The present invention can be suitably modified and implemented within a range not departing from the gist thereof. For example, in the above-described embodiment, the rotating body supporting shaft 1 used in the planetary gear mechanism 11 has been described. However, the use of the rotating body supporting shaft 1 is not limited thereto, and it can be used for supporting various rotating bodies such as rollers and links via the rollers 150.

In the above-described embodiment, the case where the rotor support shaft 1 is manufactured by cold forging has been described, but the present invention is not limited to this, and may be applied to warm forging or hot forging.

Further, a cylindrical outer ring (cage) may be used between the planetary gear 140 and the plurality of rollers 150 in the above-described embodiment.

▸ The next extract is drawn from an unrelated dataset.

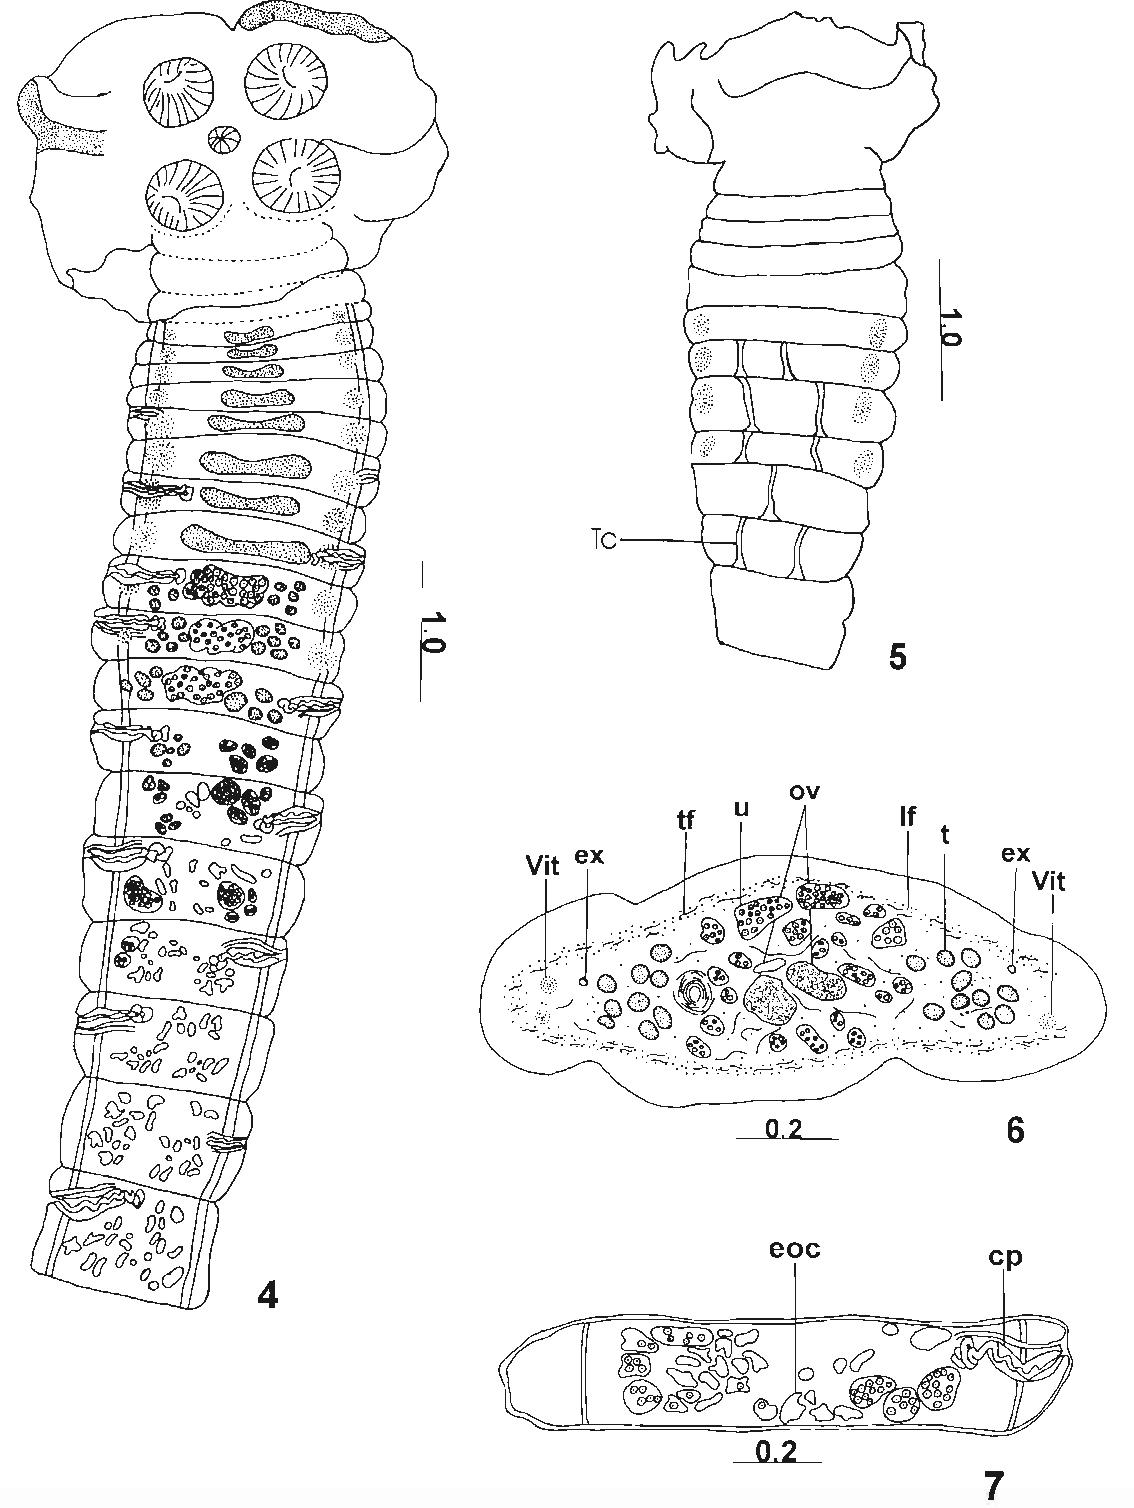 figure 4—7

In this case, the entirety of the rotor supporting shaft 1, the rollers 150, the cage 151, and the outer ring constitutes a roller bearing. In this roller bearing, for example, the planetary gear 140 as a rotating body is disposed on the outer peripheral side of the outer ring, whereby the same configuration as that of the planetary gear unit 14 in the above-described embodiment can be realized. In this roller bearing, the member disposed on the outer peripheral side of the outer ring does not need to be a rotating body, and the outer ring may be disposed in a holding hole of a non-rotating member such as a housing to fix the rotating body to the rotating body supporting shaft 1.

According to the present invention, it is possible to provide a rotor support shaft that can be easily manufactured by forging, a method of manufacturing the rotor support shaft, and a roller bearing.